Brother Pete, thank you! And many thanks to Puff, Matt and Dave. Between this forum and you guys, we all can stay informed and help our troops! :usa2:


----------



## redleg77 (Nov 13, 2012)

Nice! Thanks BigSarge. Looking forward to it.


----------



## BigSarge (Oct 20, 2011)

I've received two generous donations over the last few days.
First from Swany, some very nice smokes!









And a generous donation from CigarShop Pete:









Thank you Brothers!


----------



## BigSarge (Oct 20, 2011)

2 Large flat Rates headed to Terry at my old unit in the UK.
9405503699300219344857
9405503699300219344864


----------



## socalocmatt (Dec 22, 2010)

Got another flat rate going out from here as well.

9405 5036 9930 0220 3462 22


----------



## lostdog13 (Jan 16, 2012)

redleg77 said:


> Nice!
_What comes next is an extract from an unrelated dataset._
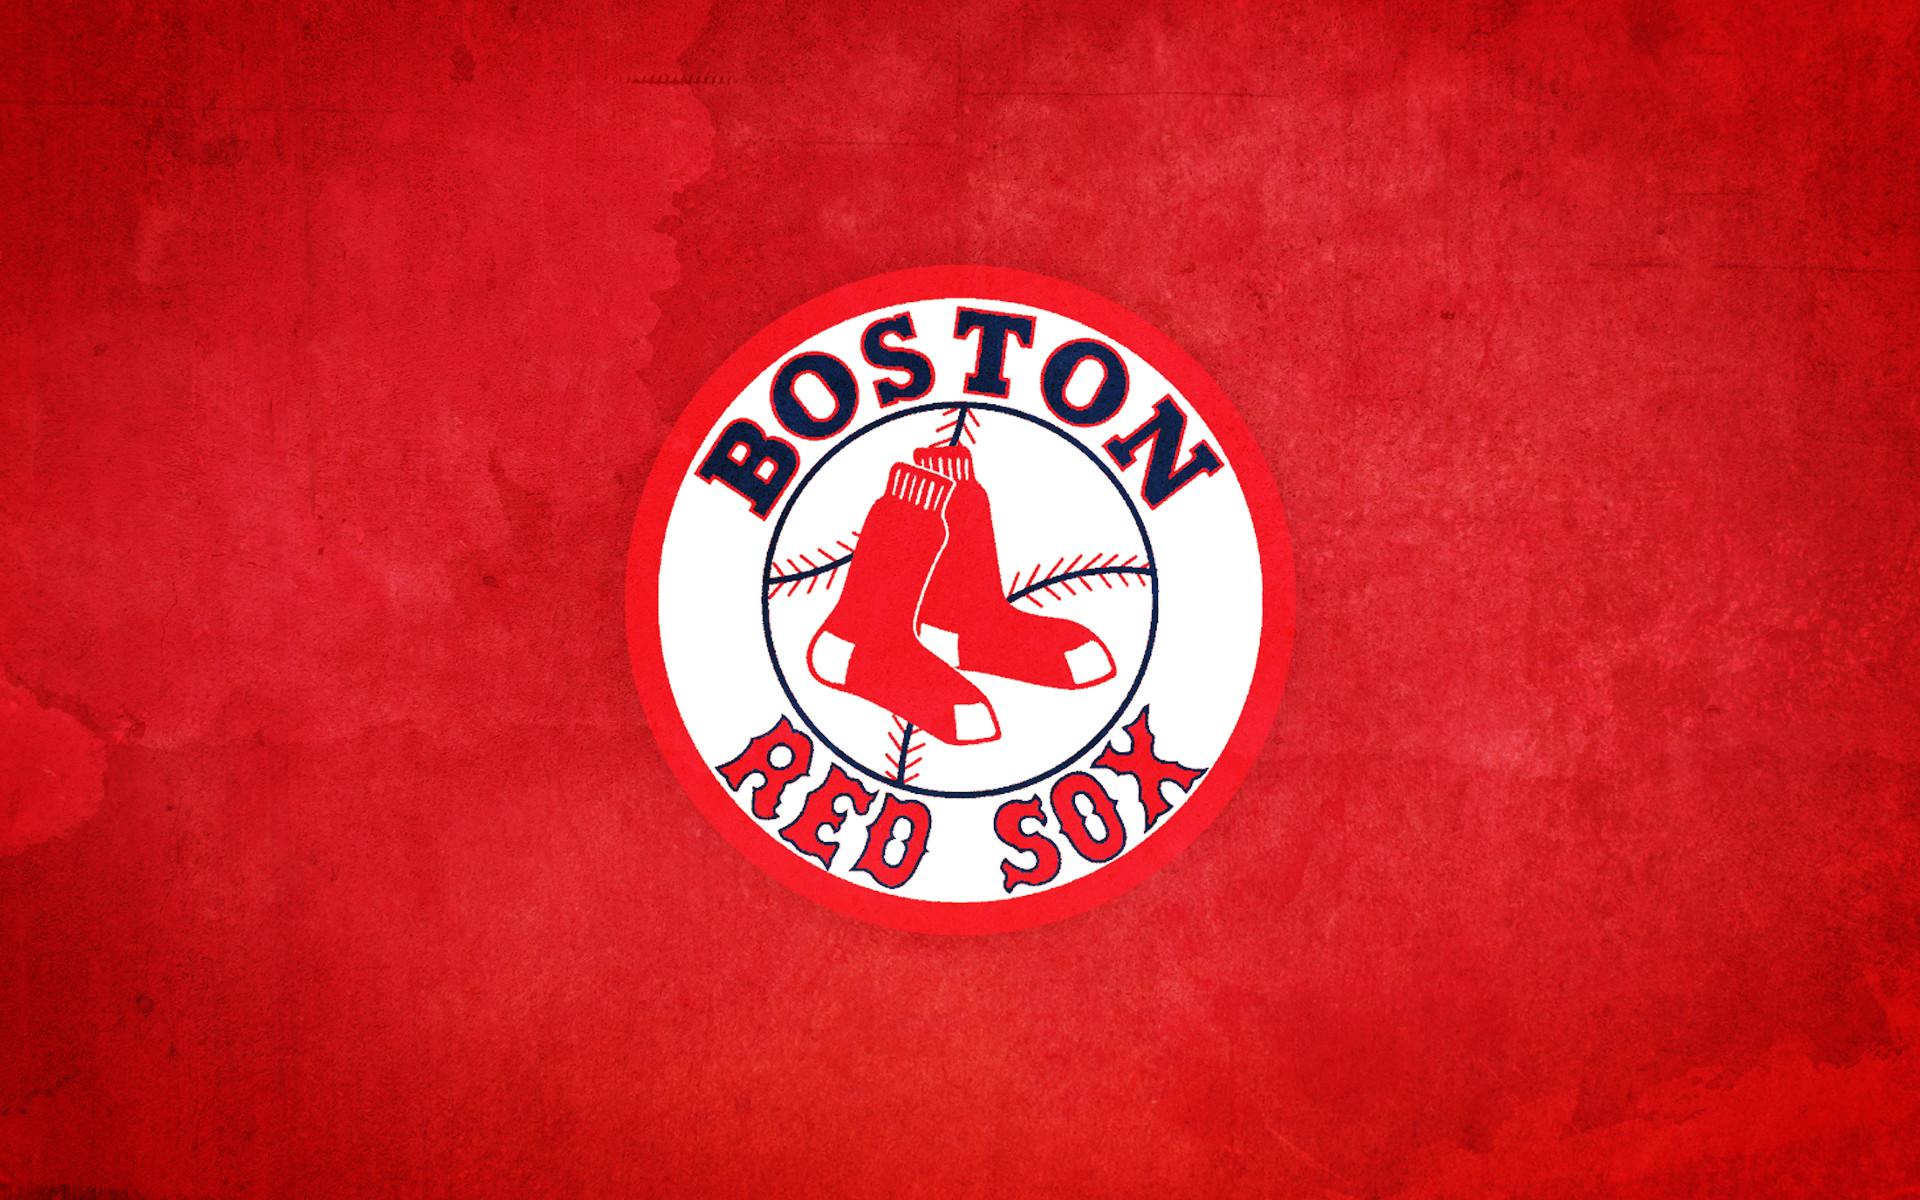 Boston Red Sox Logo Wallpapers – Wallpaper Zone
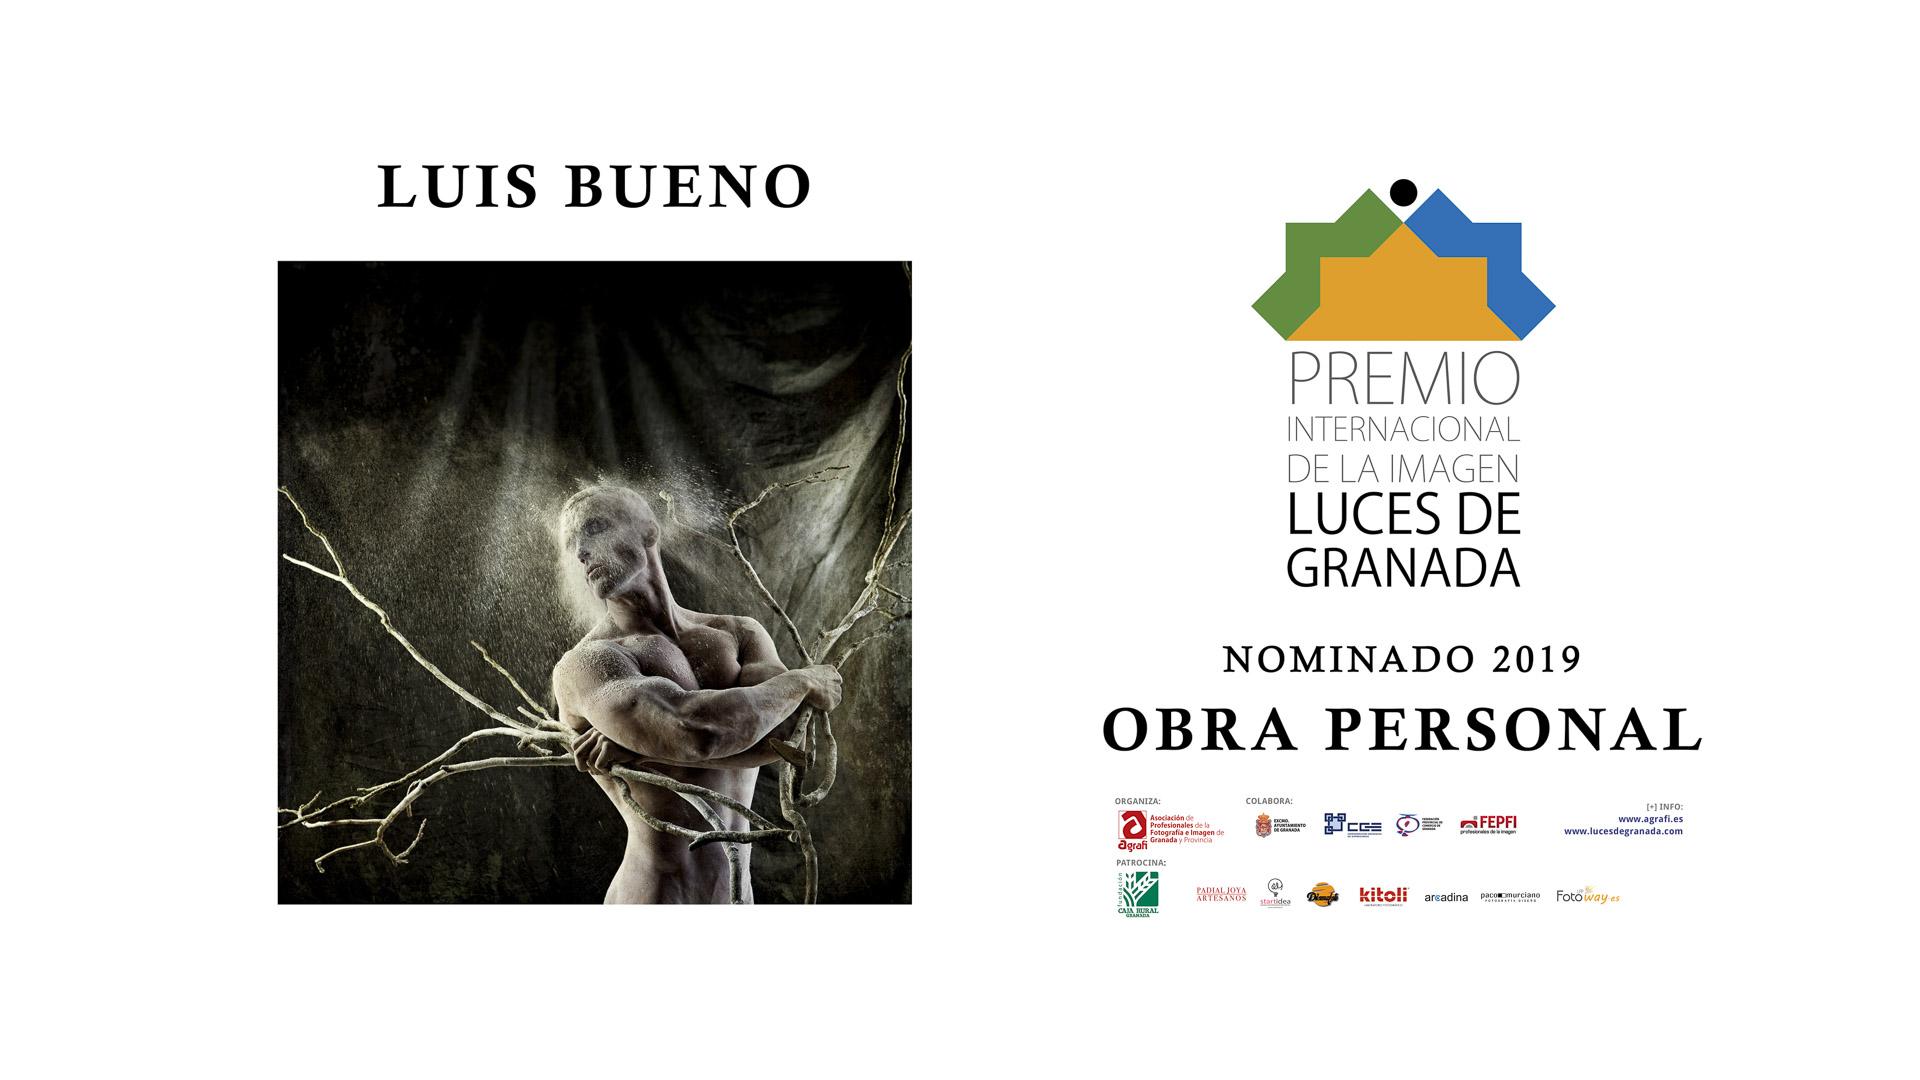 OP06_LUIS BUENO

Hoping I can find a good bier to match my smokes.


Plenty of good biers to match your smokes. I love Darmstadter when I can actually make it down there and get it.


----------



## bilingue23 (Jun 7, 2009)

Pete-Sending some sticks out your way today. Been awhile since i've been on Puff, but my step brother recently enlisted in the Marines, so I wanted to contribute to this again. Thanks!


----------



## BigSarge (Oct 20, 2011)

I received two big donations from two great BOTL yesterday, bilingue23(Josh) and protekk (mike)!
From Mike:

















From Josh:
















Thank you very much Brothers! The troops will appreciate it!
PS
I may have gotten which donation was from who mixed up. I lost my note somewhere. If I got it wrong please accept my apology.

Edit:
Fixed who sent what.


----------



## bilingue23 (Jun 7, 2009)

Yep, they are reversed, it's all good though! Glad they arrive promptly and safely.


----------



## BigSarge (Oct 20, 2011)

bilingue23 said:


> Yep, they are reversed, it's all good though! Glad they arrive promptly and safely.


Fixed it!


----------



## jurgenph (Jun 29, 2011)

Matt, did mu humble donation make it to your mailbox?


J.


----------



## socalocmatt (Dec 22, 2010)

jurgenph said:


> Matt, did mu humble donation make it to your mailbox?
> 
> J.


Well crap. I thought I had already posted this :ask:

... and that was far far far from a "humble donation"!


----------



## jurgenph (Jun 29, 2011)

socalocmatt said:


> Well crap. I thought I had already posted this :ask:
> 
> ... and that was far far far from a "humble donation"!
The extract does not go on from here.